[Opening Exercise inputs section]

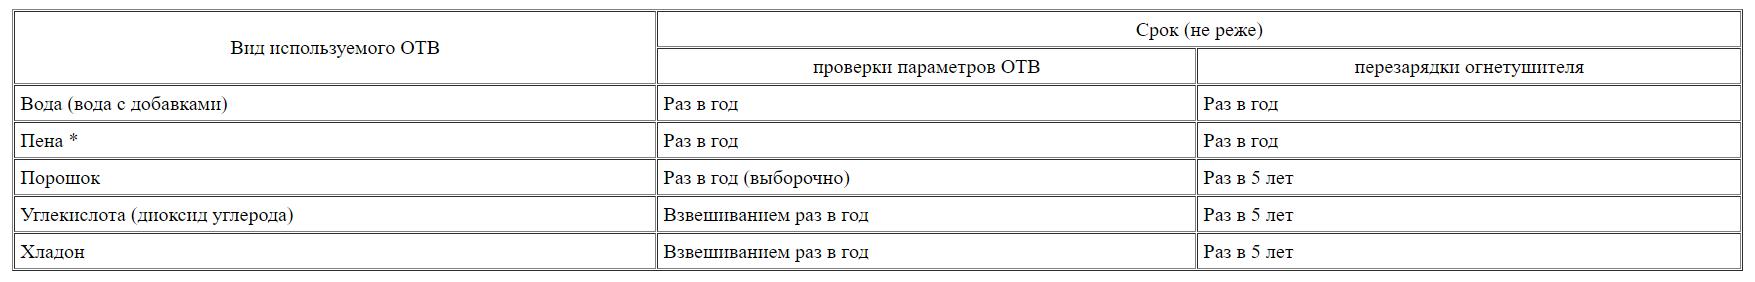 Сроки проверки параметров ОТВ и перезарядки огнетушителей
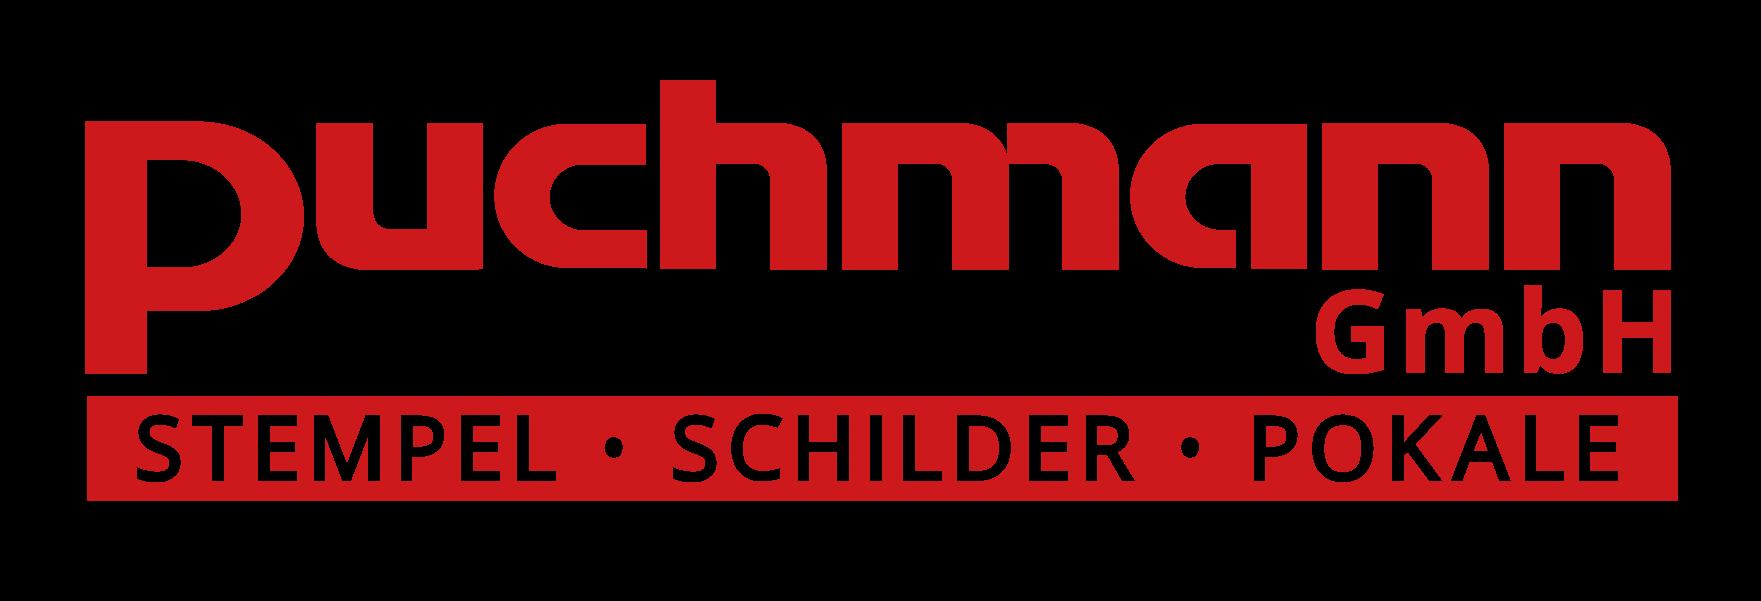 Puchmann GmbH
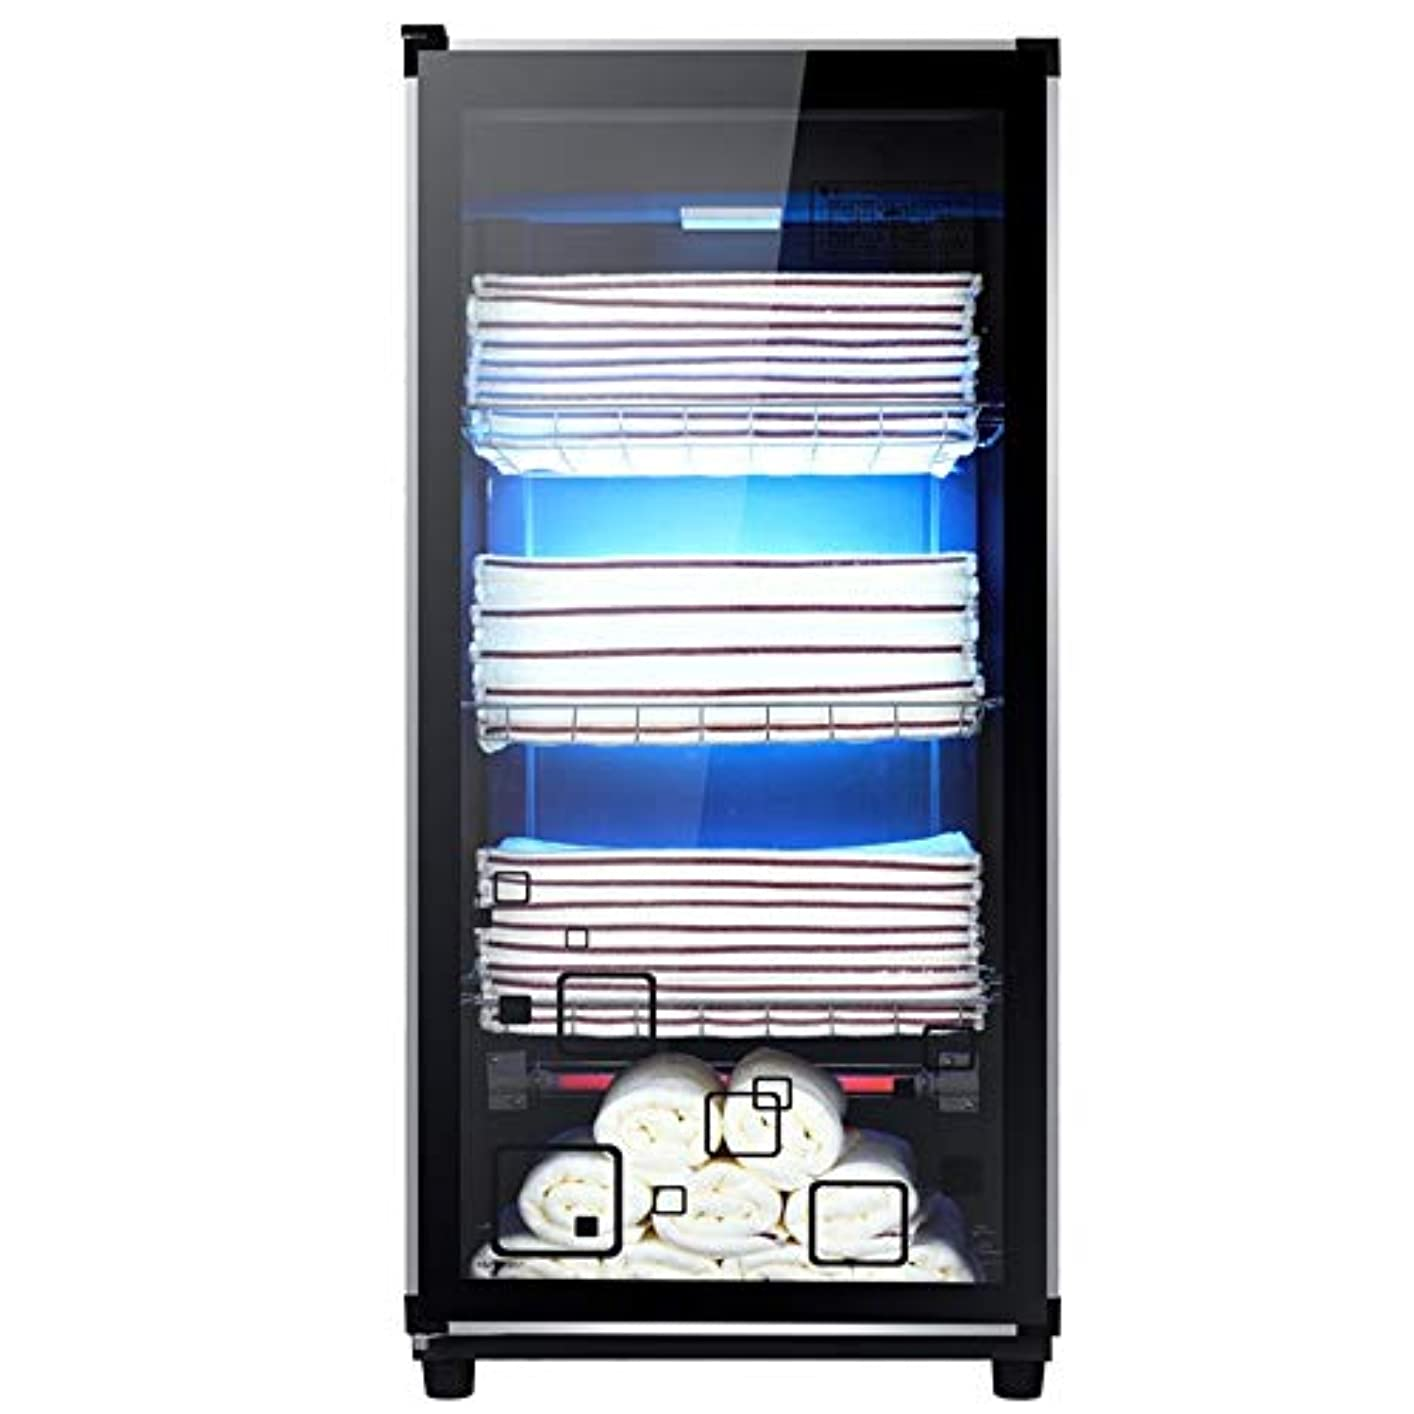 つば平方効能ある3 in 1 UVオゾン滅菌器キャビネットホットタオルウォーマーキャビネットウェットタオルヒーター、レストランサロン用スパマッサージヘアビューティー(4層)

[Closing Exercise inputs section]
[Opening Exercise inputs section]

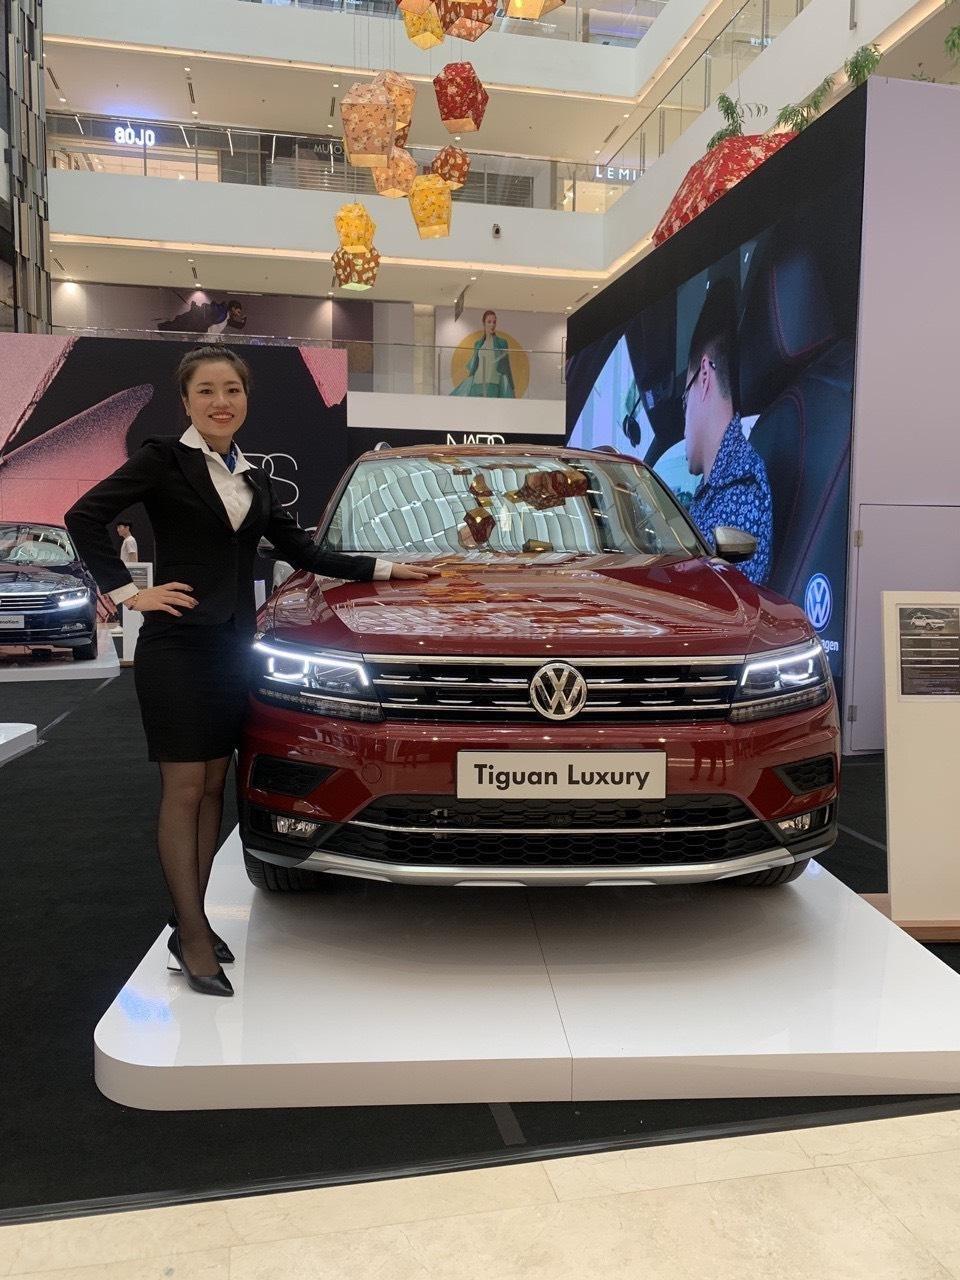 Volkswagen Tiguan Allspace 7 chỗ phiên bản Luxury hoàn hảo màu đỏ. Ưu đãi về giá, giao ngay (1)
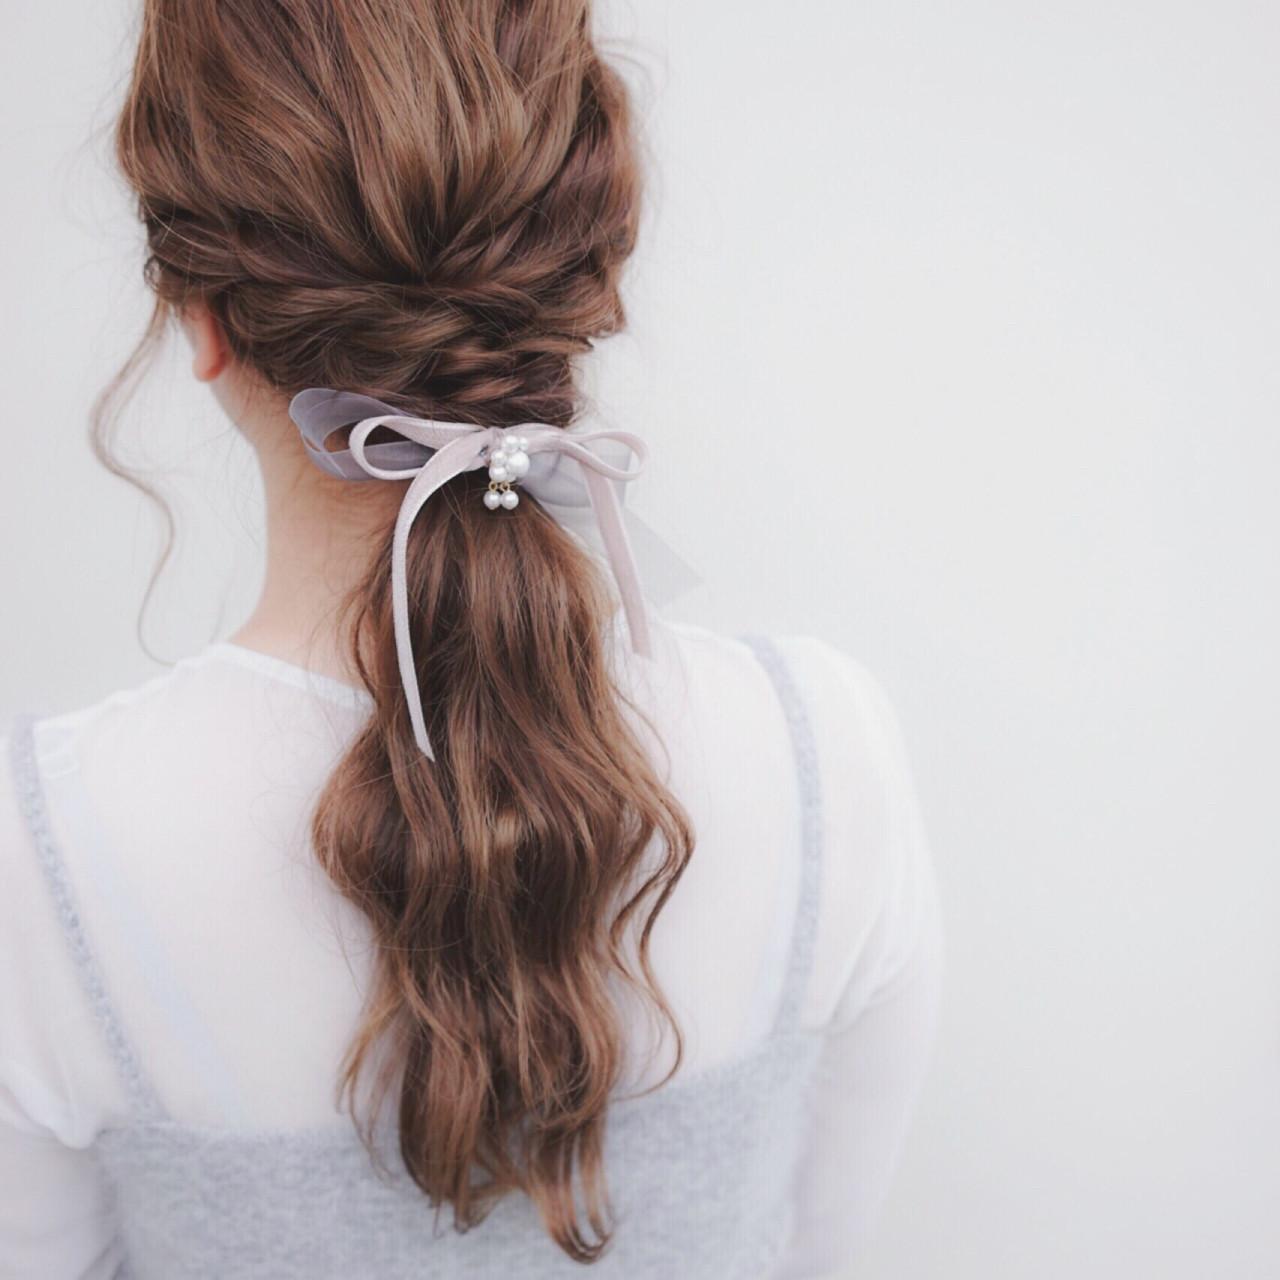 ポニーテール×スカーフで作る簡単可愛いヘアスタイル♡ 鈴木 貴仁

[Closing Exercise inputs section]
[Opening Exercise inputs section]

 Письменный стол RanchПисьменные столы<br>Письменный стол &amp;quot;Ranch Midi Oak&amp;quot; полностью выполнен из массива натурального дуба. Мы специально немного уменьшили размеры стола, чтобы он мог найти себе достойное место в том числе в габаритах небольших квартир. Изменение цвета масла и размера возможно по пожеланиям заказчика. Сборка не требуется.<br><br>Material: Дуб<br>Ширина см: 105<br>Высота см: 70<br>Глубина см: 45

[Closing Exercise inputs section]

About this task: Now transcribe the lines above exactly, starting at the line containing "Сроки проверки параметров" and ending at the line containing "つば平方効能ある3 in 1", both lines included, pictures excluded.

Exercise result:
 Сроки проверки параметров ОТВ и перезарядки огнетушителей
 Puchmann GmbH
 つば平方効能ある3 in 1 UVオゾン滅菌器キャビネットホットタオルウォーマーキャビネットウェットタオルヒーター、レストランサロン用スパマッサージヘアビューティー(4層)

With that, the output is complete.